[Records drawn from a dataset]

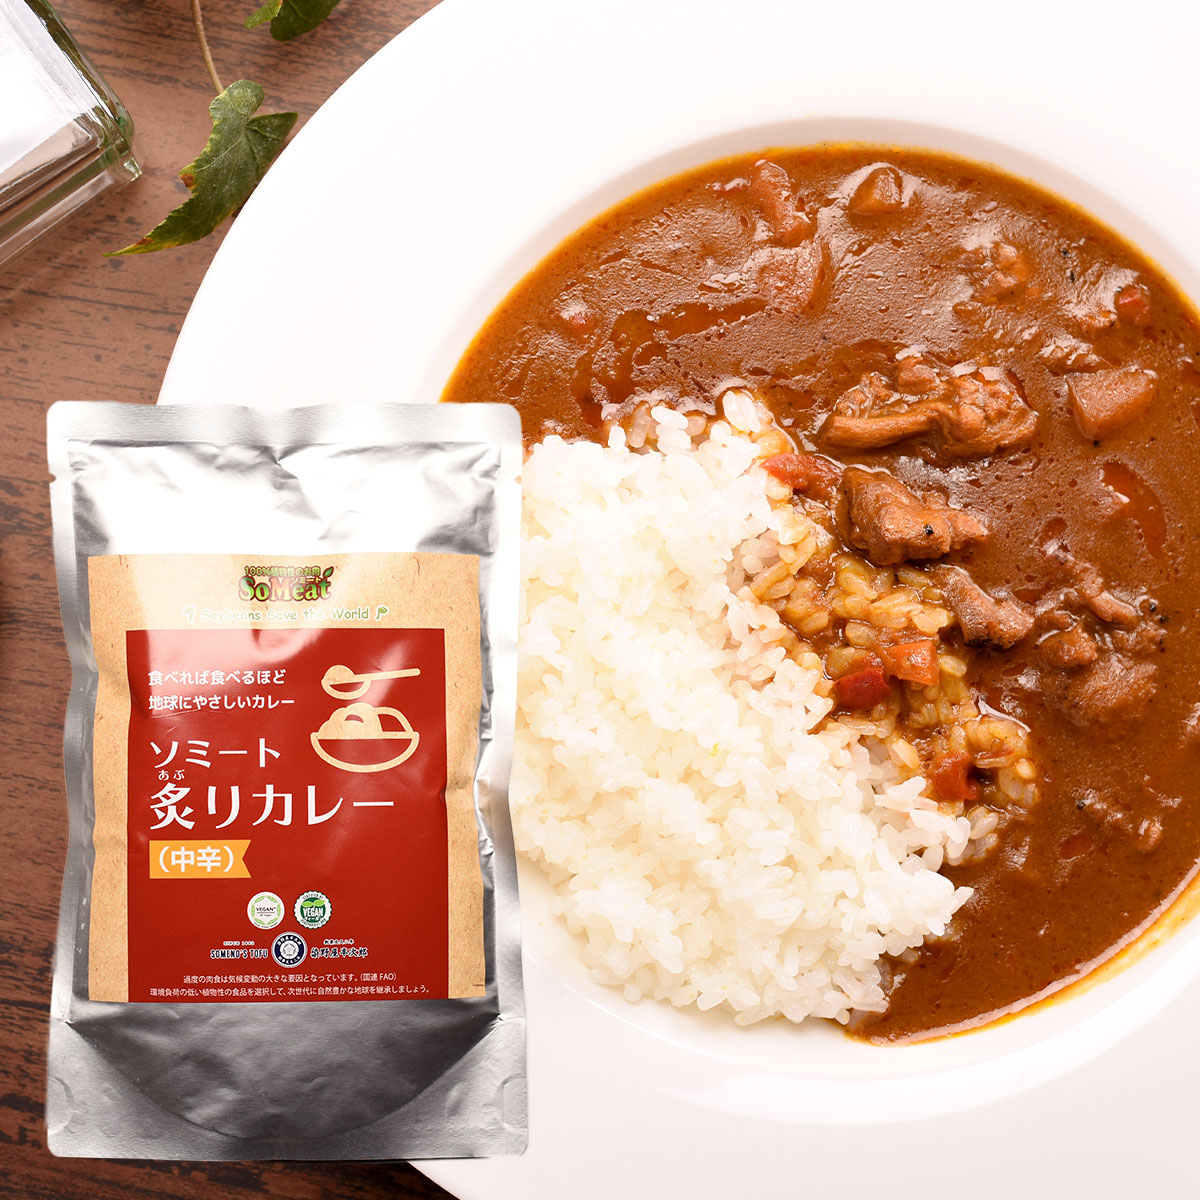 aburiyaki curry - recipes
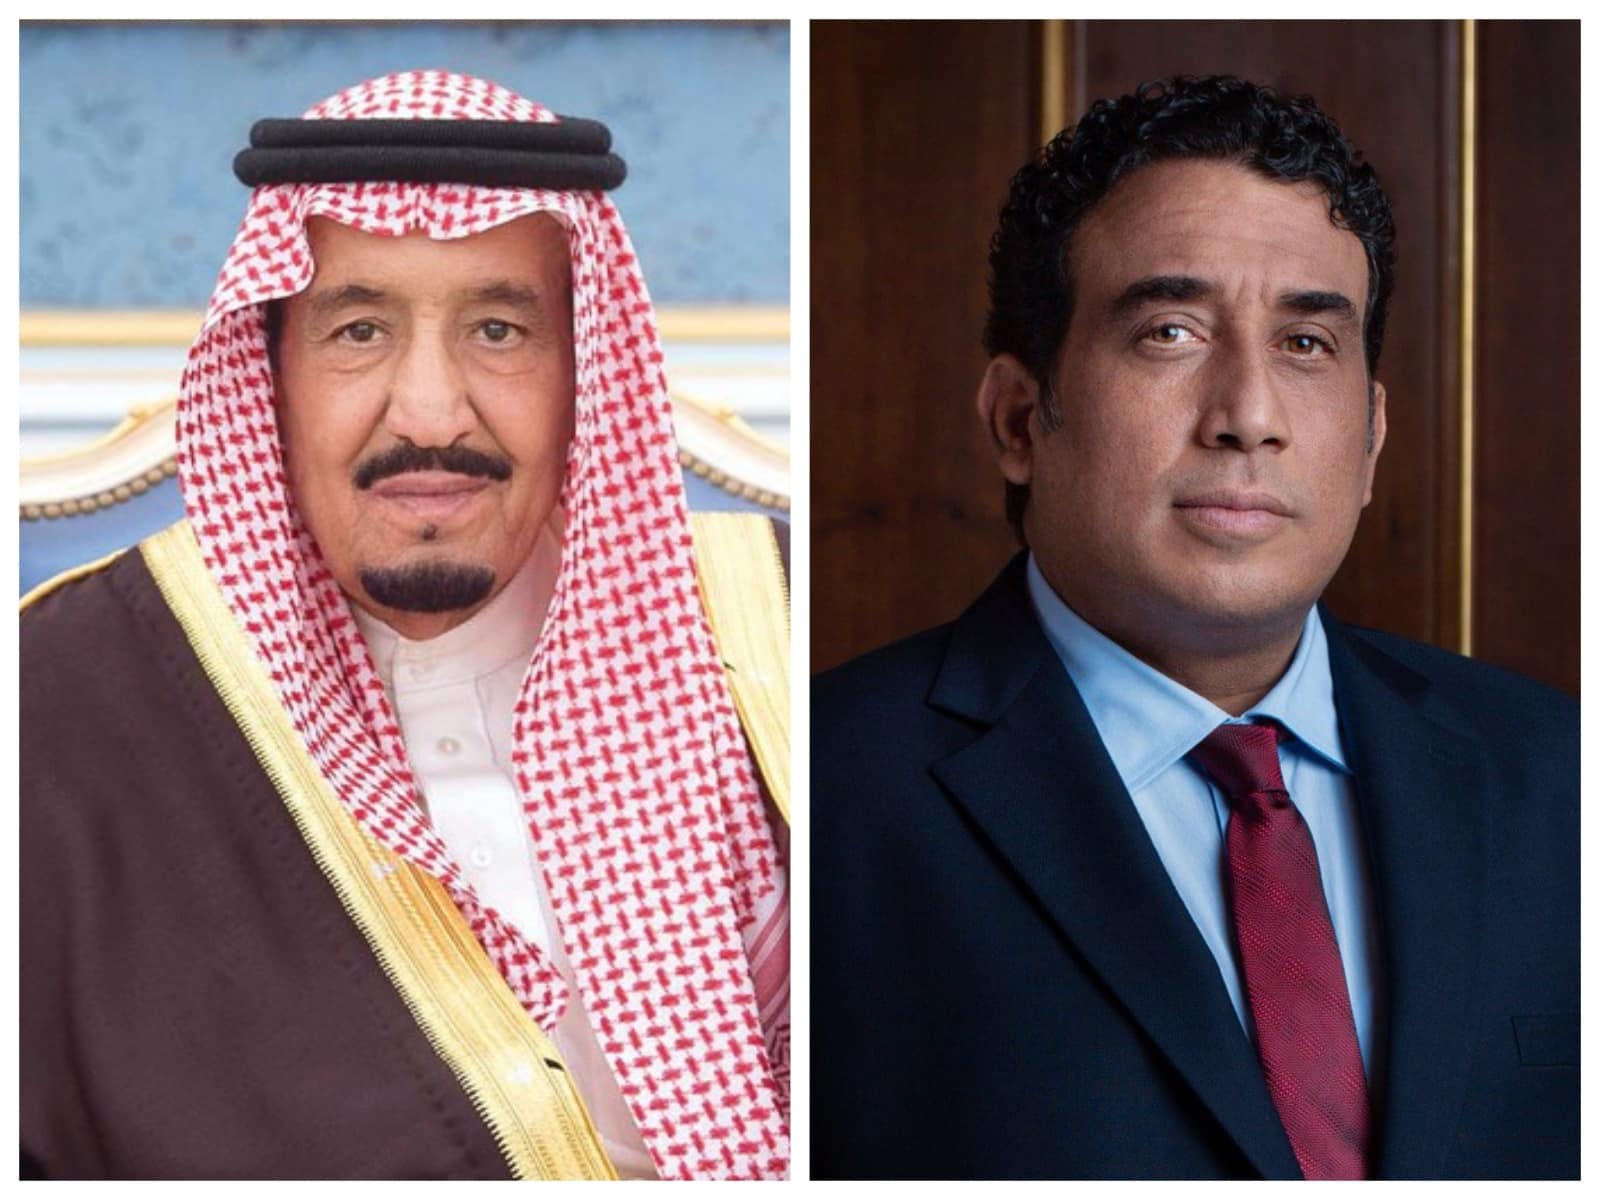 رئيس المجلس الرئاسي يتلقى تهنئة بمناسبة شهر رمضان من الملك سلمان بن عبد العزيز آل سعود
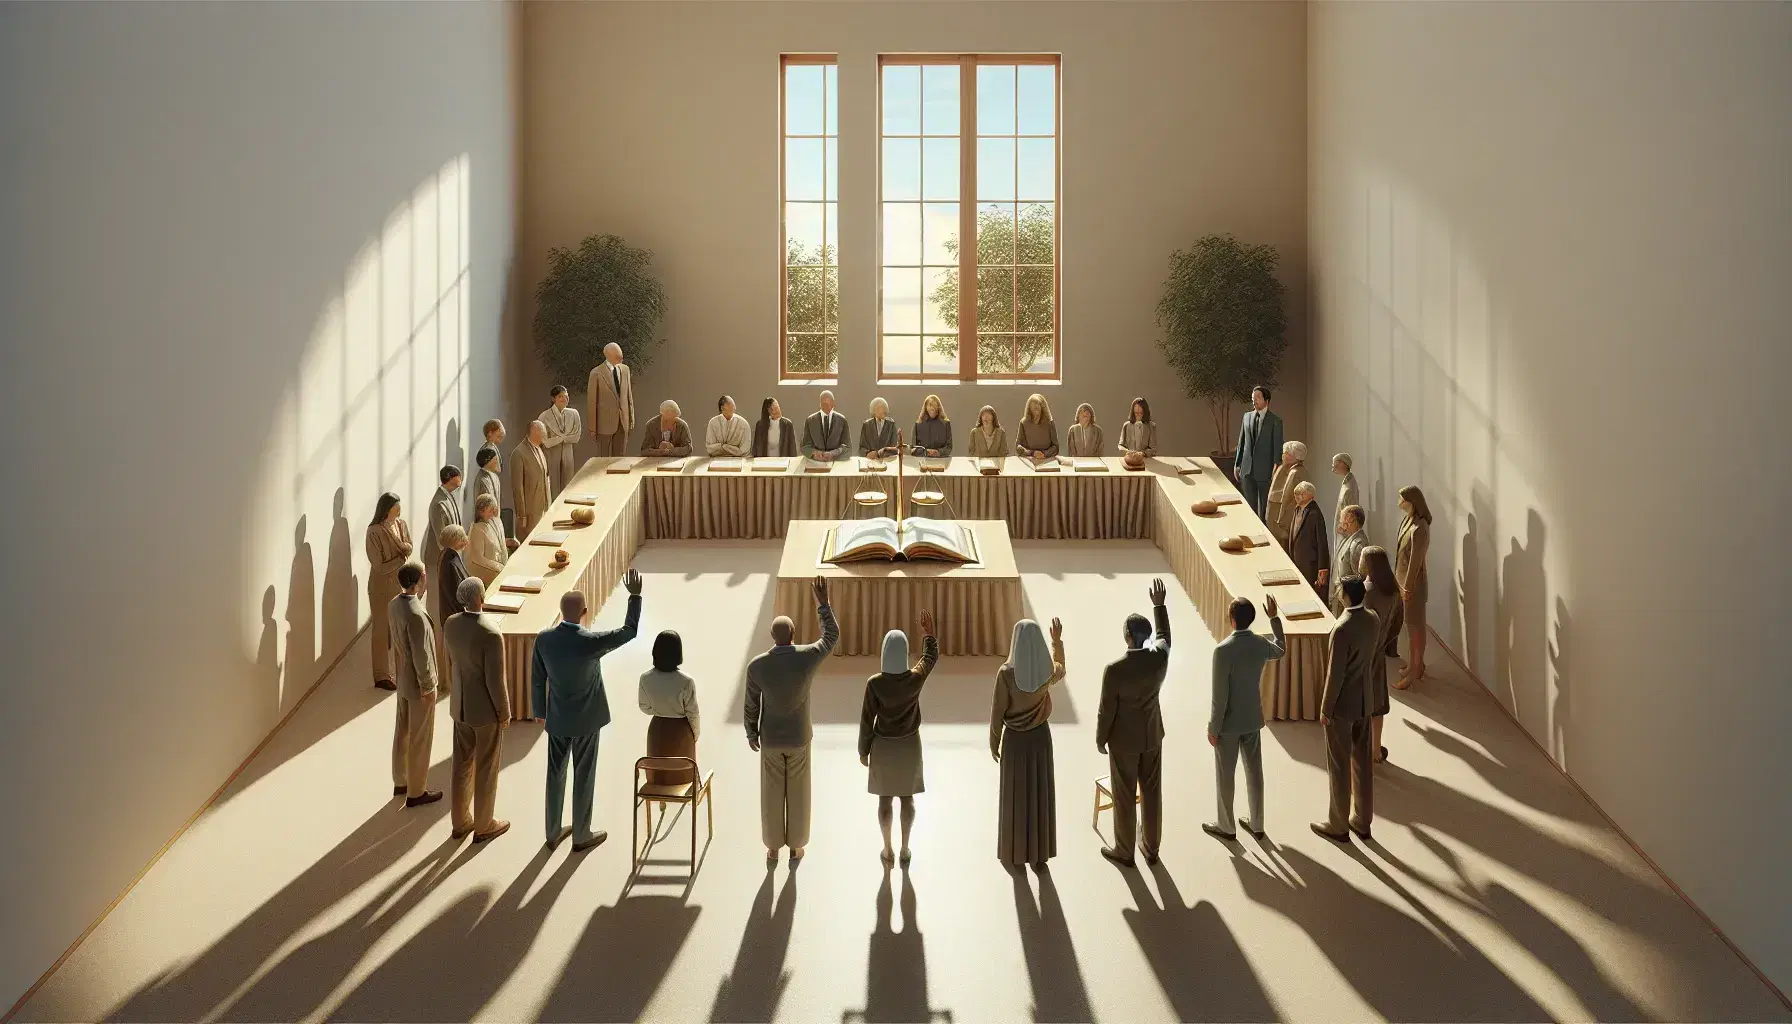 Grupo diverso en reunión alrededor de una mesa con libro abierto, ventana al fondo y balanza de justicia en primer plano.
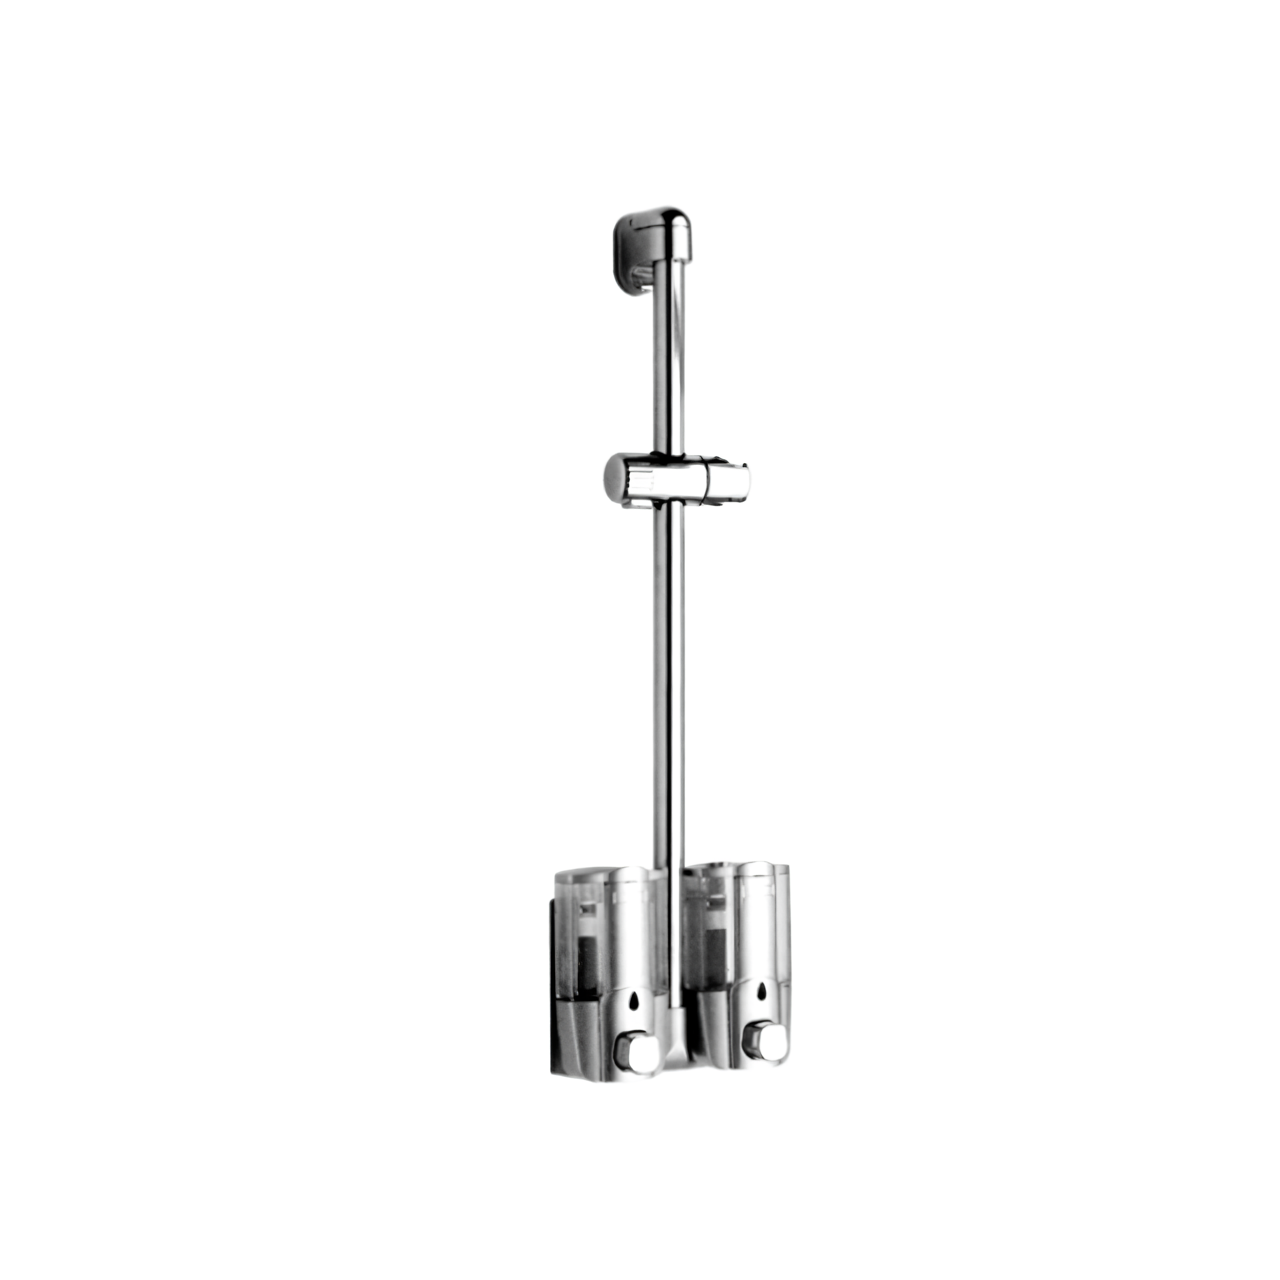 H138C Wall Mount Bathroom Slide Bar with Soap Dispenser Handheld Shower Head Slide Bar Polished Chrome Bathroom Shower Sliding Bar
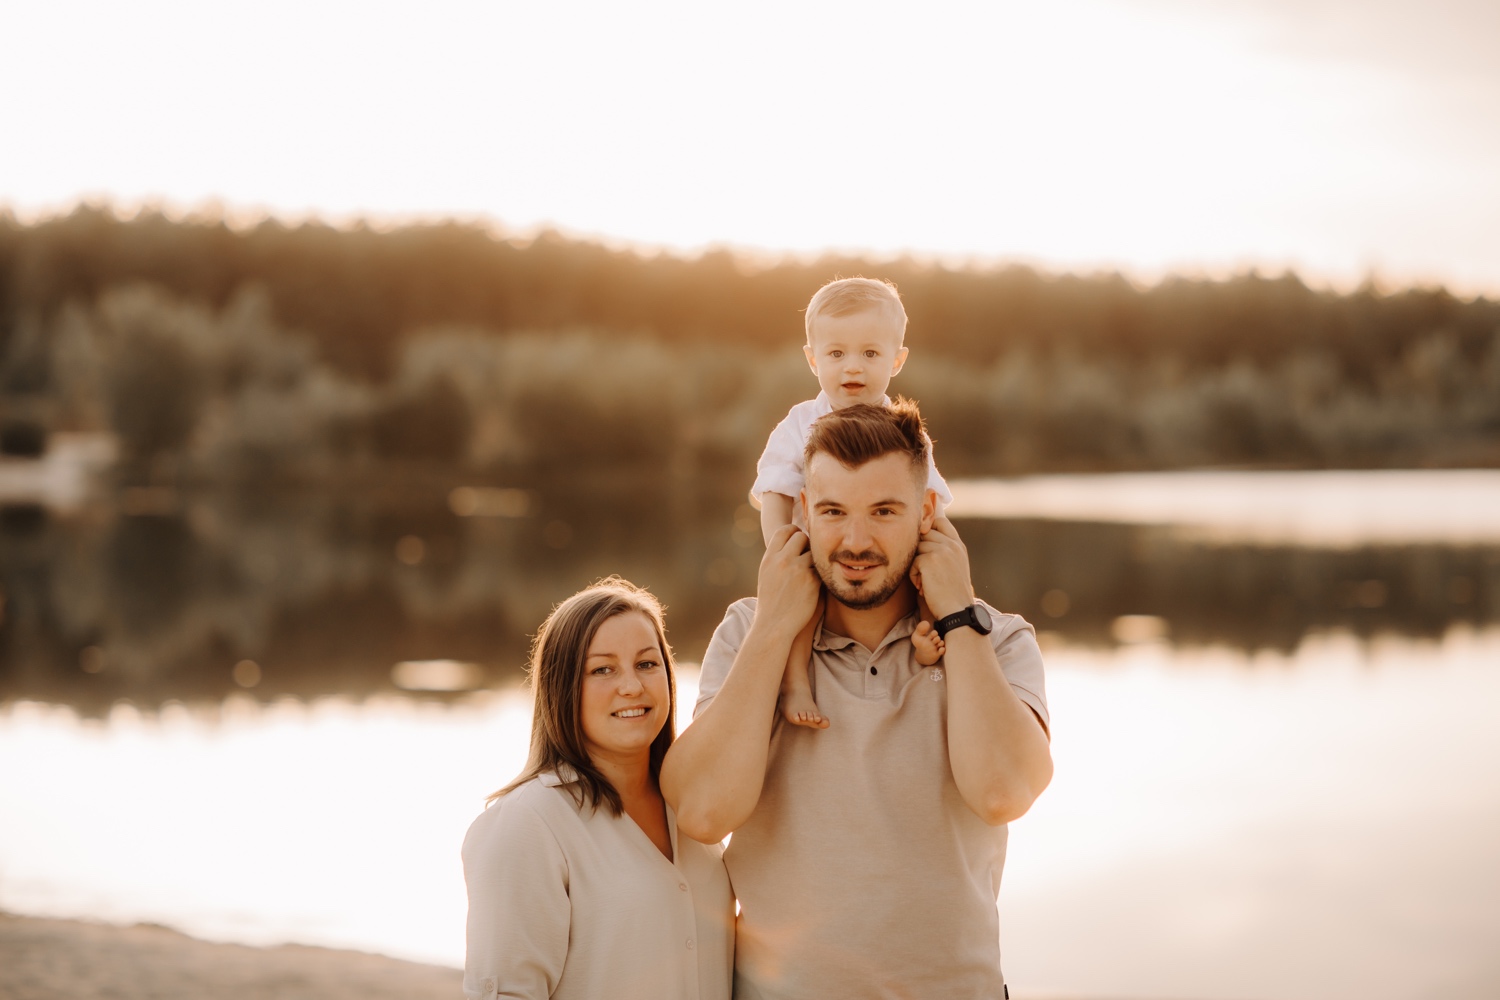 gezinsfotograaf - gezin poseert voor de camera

**What to do:**
The records above should be returned exactly, with only their pictures held back.

**Solution:**
 aburiyaki curry - recipes
 رئيس المجلس الرئاسي يتلقى تهنئة بمناسبة شهر رمضان من الملك سلمان بن عبد العزيز آل سعود
 Grupo diverso en reunión alrededor de una mesa con libro abierto, ventana al fondo y balanza de justicia en primer plano.
 H138C Wall Mount Bathroom Slide Bar with Soap Dispenser Handheld Shower Head Slide Bar Polished Chrome Bathroom Shower Sliding Bar
 gezinsfotograaf - gezin poseert voor de camera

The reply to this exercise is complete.